Adaptez pour seniors en hiver : erreurs à éviter et planification
Pour les cyclistes seniors de 50 ans et plus, l’équivalence effort devient critique. Ignorer le TSS mène au surentraînement. Erreur classique : enchaîner deux sorties à 28 km/h en pensant compenser une semaine light. Résultat : fatigue accumulée, IF supérieur à 0,85 sur plusieurs jours, blessures.
Plan structuré sur 4 semaines en hiver 2026 : 3-4 séances par semaine. Deux sorties endurance de 2 heures à IF 0,70 (environ 22 km/h virtuel sur trainer), une séance seuil d’1 heure à IF 0,80 (28 km/h), un jour off. Progression : +15 % d’endurance ou +20-30 watts de FTP en fin de cycle. Les zones d’entraînement cyclistes guident cette montée en charge.

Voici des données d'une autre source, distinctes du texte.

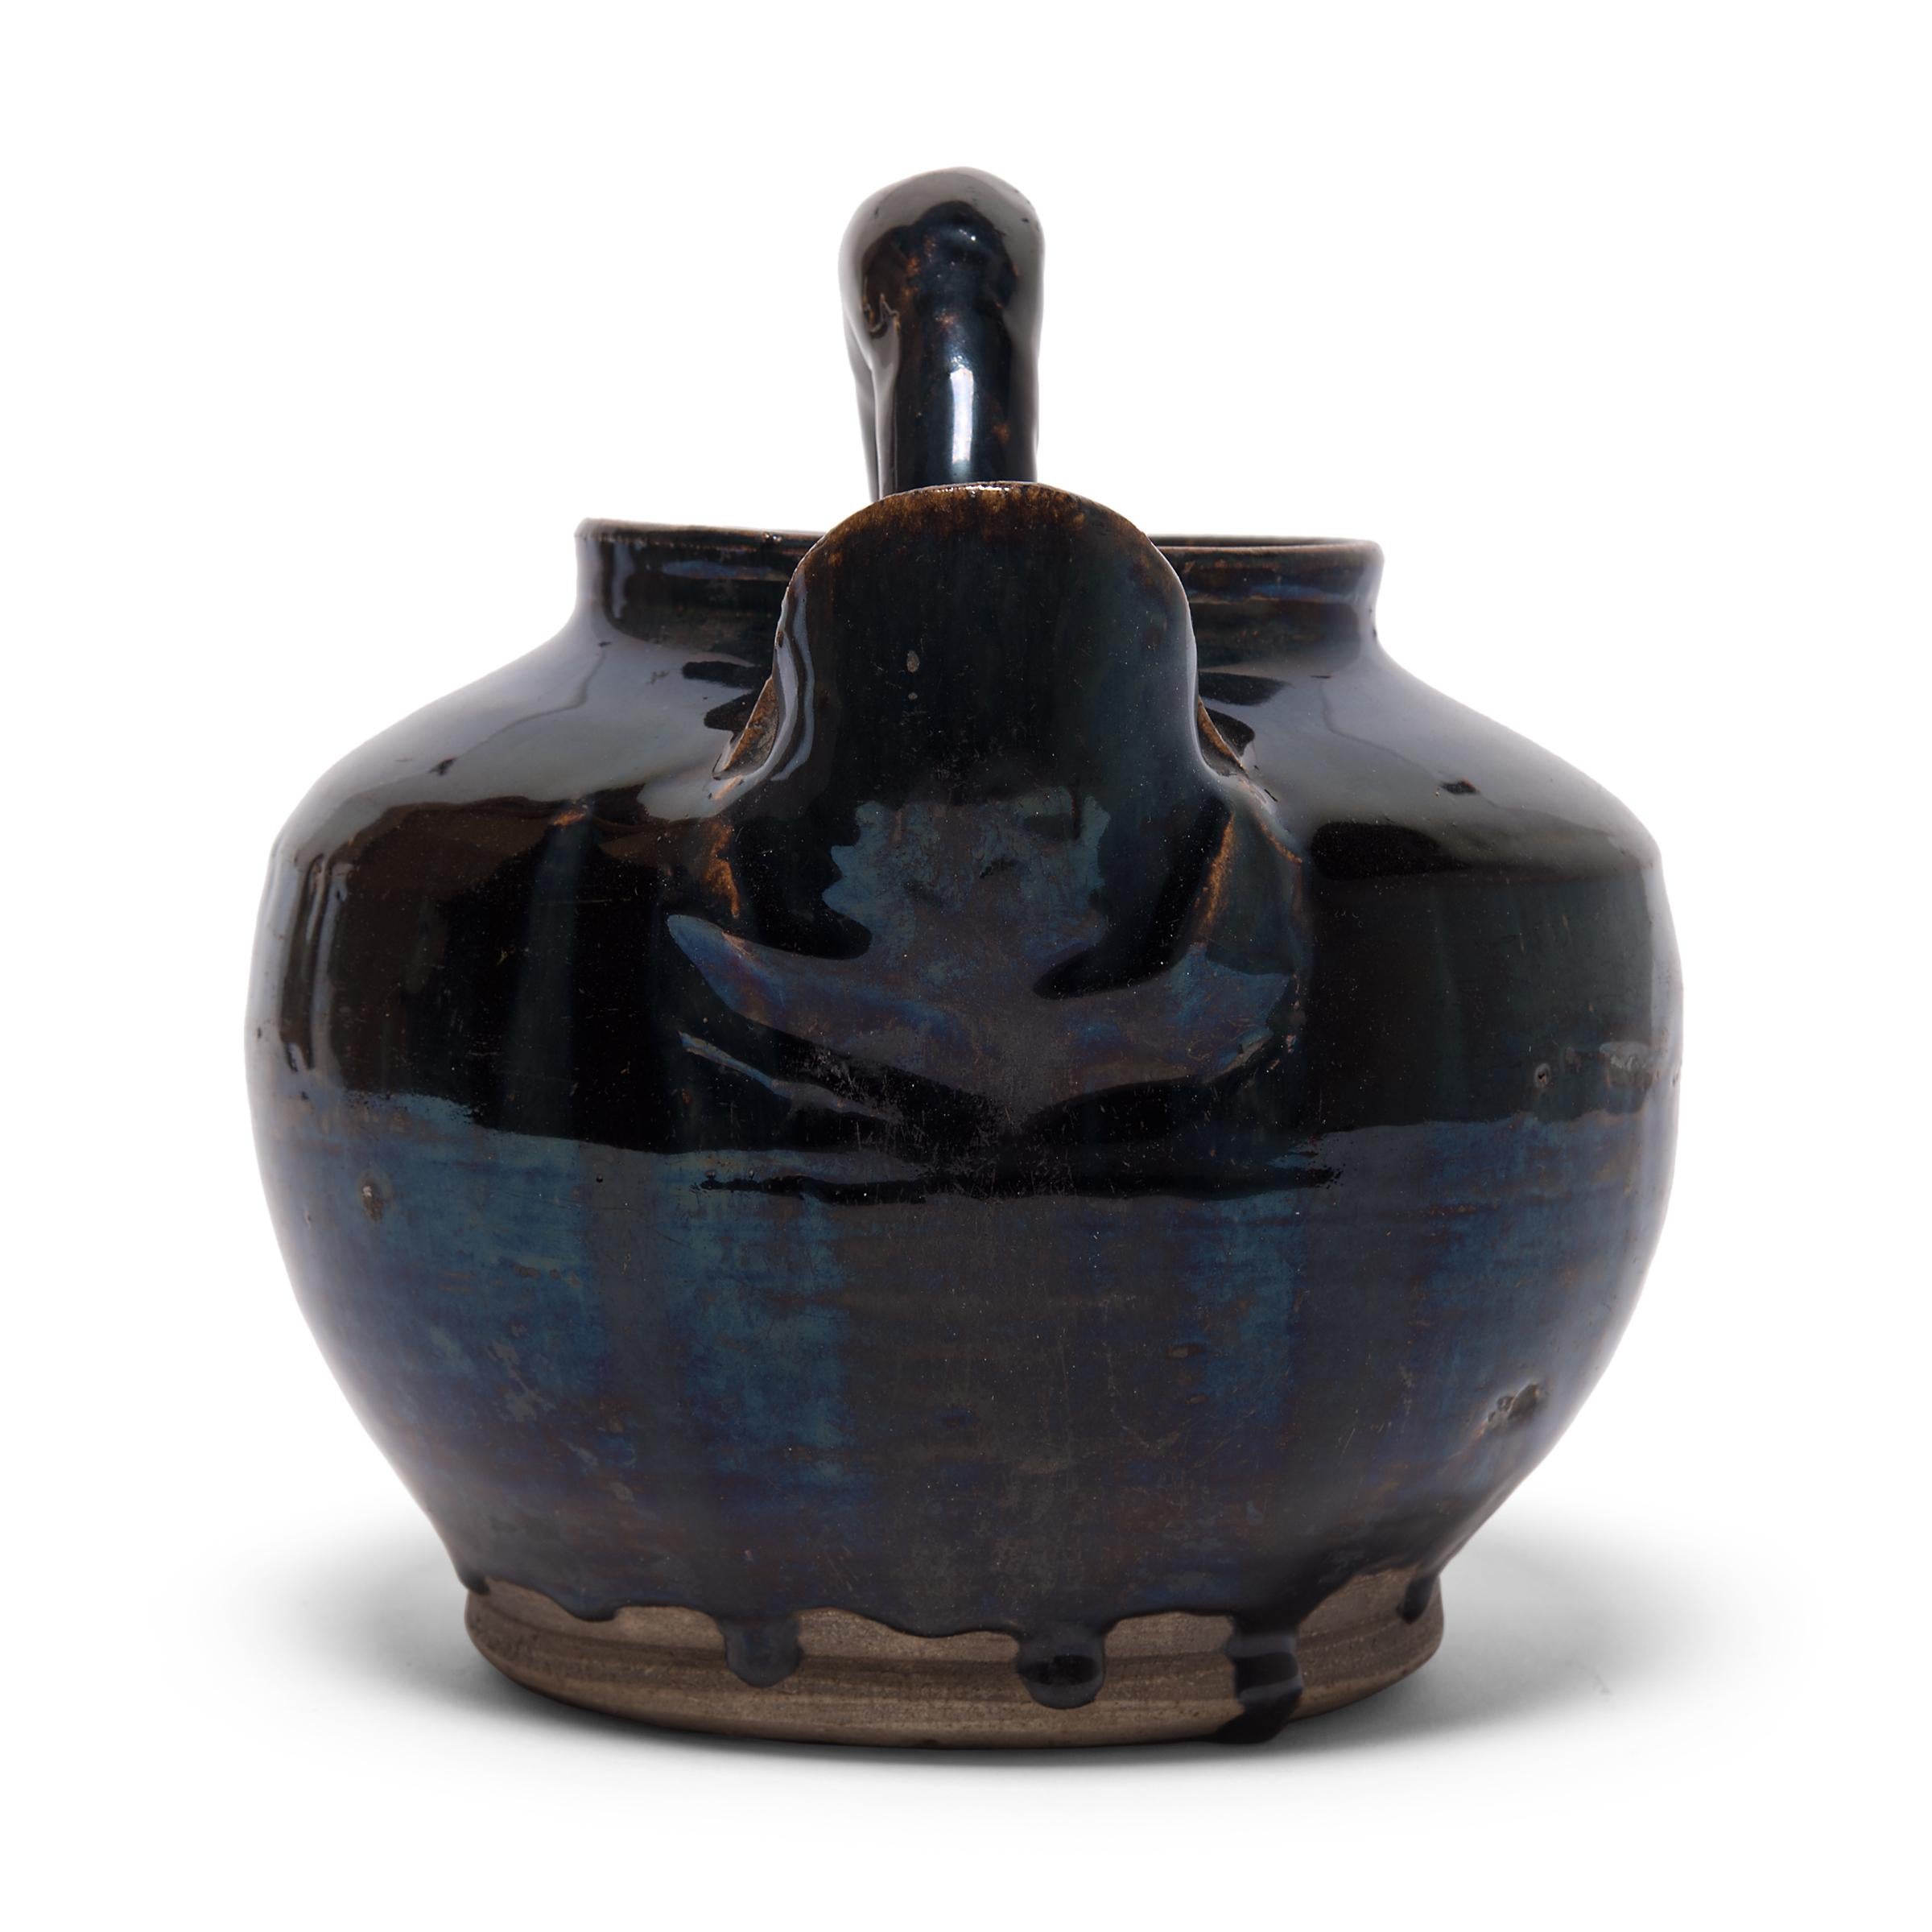 A dark blue-black glaze coats the round body of this squat kitchen vessel, dripping down its sides with subtle iridescence. The early 20th century spouted vessel was once used for storing wine or soy sauce in a Qing-dynasty kitchen, as evidenced by

Nutrition : 30 grammes de glucides par heure. Récupération : IF inférieur à 0,75 les jours légers. Et surtout, testez votre FTP avant de calculer quoi que ce soit. Sans cette référence, impossible de normaliser. Les capteurs de puissance — Garmin, 4iiii — coûtent 100-300 euros, mais valent chaque euro pour éviter les erreurs silencieuses.
Février touche à sa fin. Les cols déneigent dans un mois. Le calcul effort réel, c’est maintenant qu’il vous sauve. Pas en mai, jambes cramées par un hiver mal dosé.